I began to feel as if I was his mother more-so than a girlfriend at times when it came to planning out long-term goals and the future. All of these factors caused me to end the relationship under the guise that we both needed to work on ourselves and figure out what we want so we can come back a stronger couple.
Obviously he was devastated (he had put money on a ring, ugh!) and I have never been more upset about something in my life, still I thought it was something I had to do. I moved out and he moved back into our apartment with a roommate. Since then we have maintained contact. We see each other regularly and still have sex, with the understanding of monogamy.
My problem is that since that day I have not stopped thinking about him or us. I wake up every day thinking about him and go to bed doing the same. I carry around this regret of not being with him every second and I really think it’s slowly killing me. I cry constantly. I’ve gone out with other men, but I’m always comparing them to my ex. I’ve tried to bring up my feelings to him but each time I get super flustered and blubbery (I’ve never been able to control my tears well) and I never feel like I can get my point clearly across (this makes him upset and he always tell me to stop crying but I can’t help it!)
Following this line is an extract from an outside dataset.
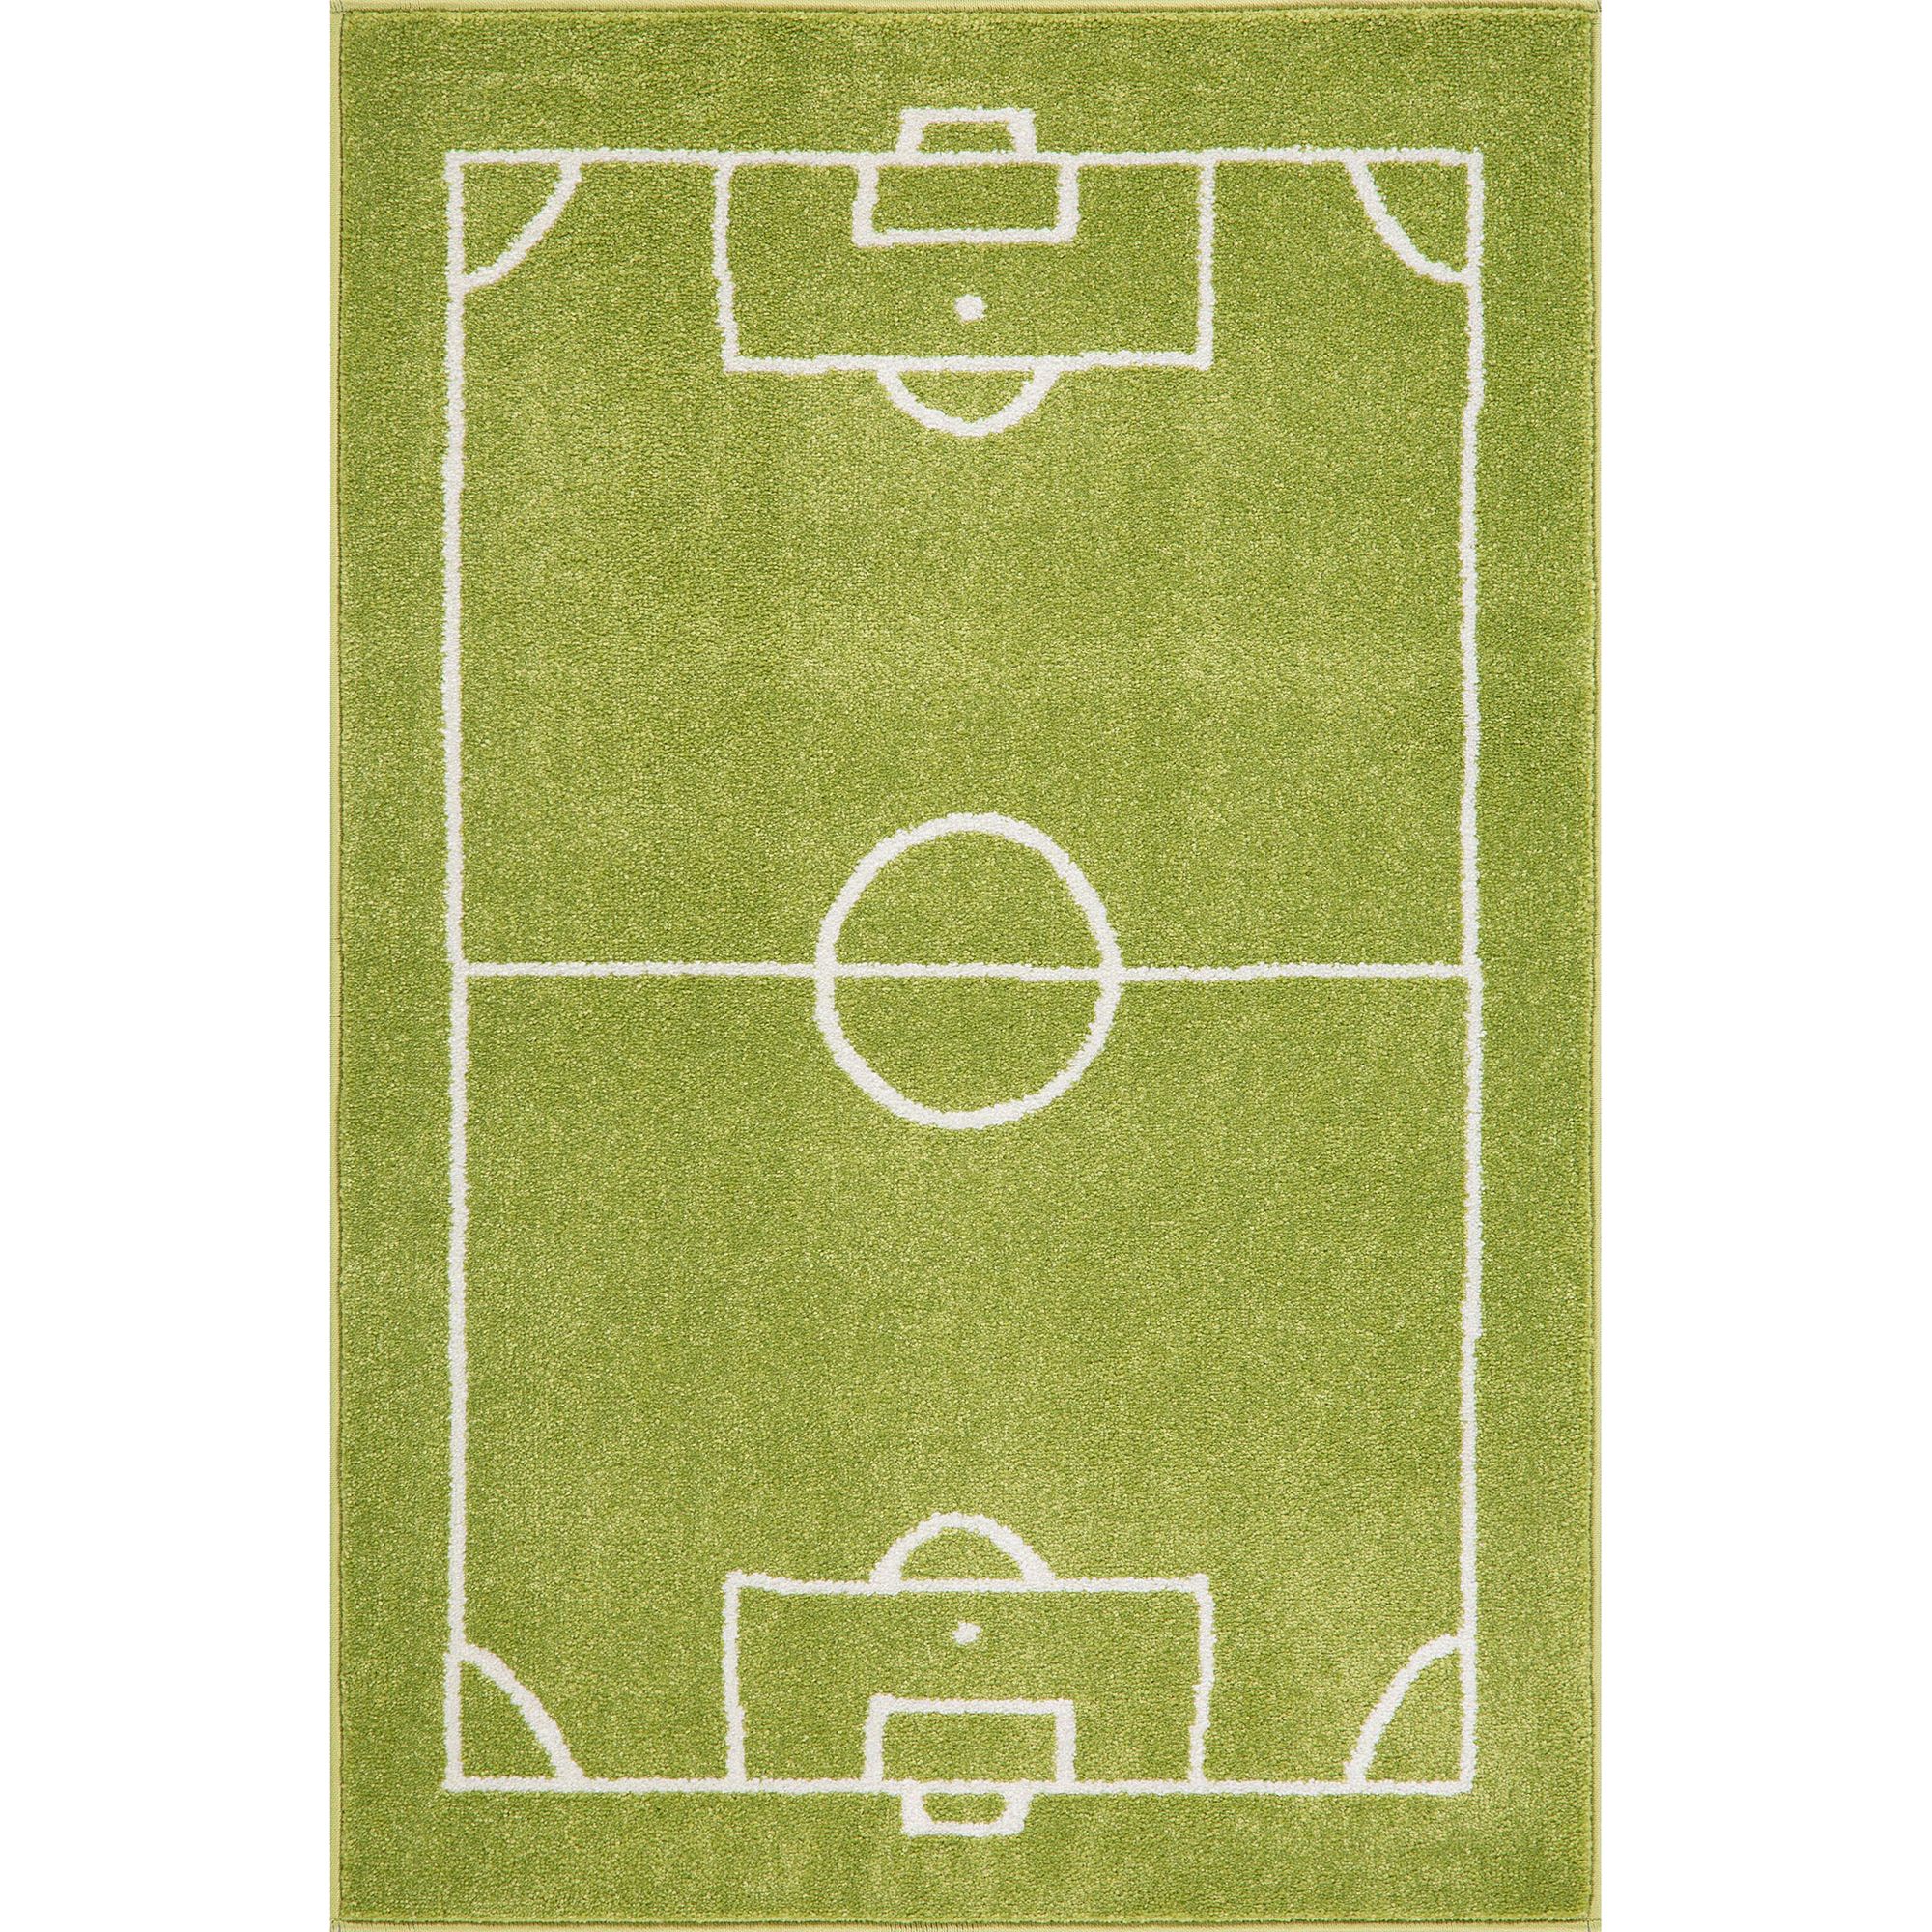 Football pitch Playmat, (W) 80cm x (L) 120cm

Yet, he always says that he “needs to do things to better himself so we can maybe get back together.” He has not changed a thing mind you. But at this point I don’t care, I just want him back. I’ve come to realize that he fulfilled my emotional needs so much that I can deal with everything else. He was my rock and motivation and now I feel kind of like the walking dead, just going through the motions without any direction because the situation is really consuming me. I really do believe that we are meant to be together but I don’t know what to do! I know I should walk away and try and move on with the hopes that he’ll want me back too but I can’t bear the thought of losing him. Please help me I really have no ideas but I know I can’t continue on in this painful limbo any longer. – Regret Gets Exhausting
Dear Ms. Regret Gets Exhausting,
SMDH! I bet you understand now what singer Joni Mitchell was singing about, huh? “You don’t know what you got ‘til it’s gone.”
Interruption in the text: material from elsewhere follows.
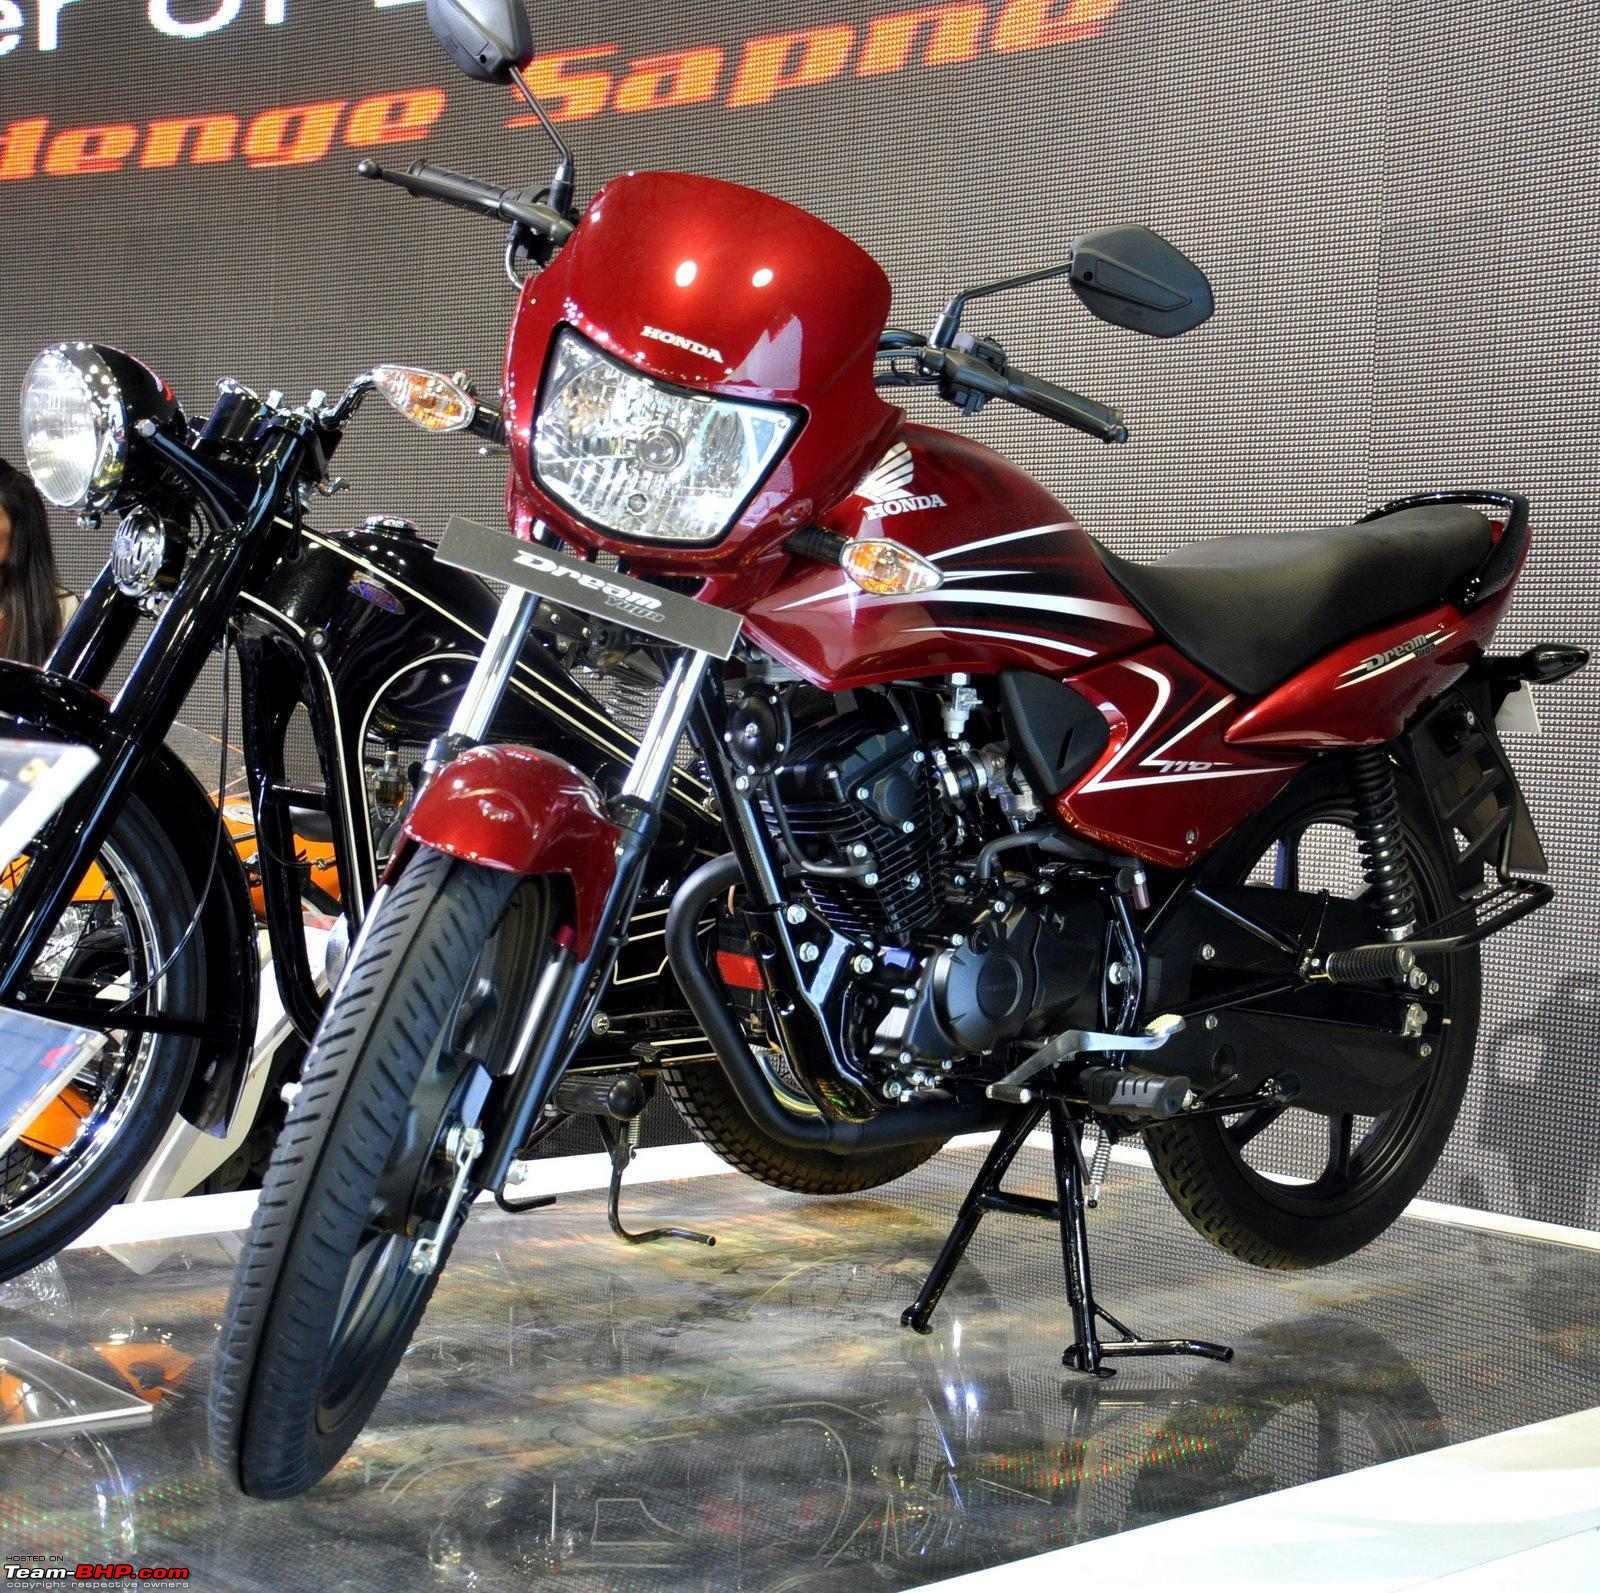 Honda to launch 100cc competitor to the Splendor - Team-BHP

Look, I understand what you’re going through. I mean, what woman wouldn’t have done what you did? Chile, the man smokes weed every day. His habit costs him $80 a week and he’d rather go broke than give up his weed. LMBAO! Honey, he must not be bringing in that much money. He has a high school diploma with no ambition to go to college. And, it appears he had no ambition to do anything else. I mean he is 6 years older than you, and the man doesn’t have a car or driver’s license. And, by my calculations, he is 30 years old. SMDH! Why? WHY, I ASK?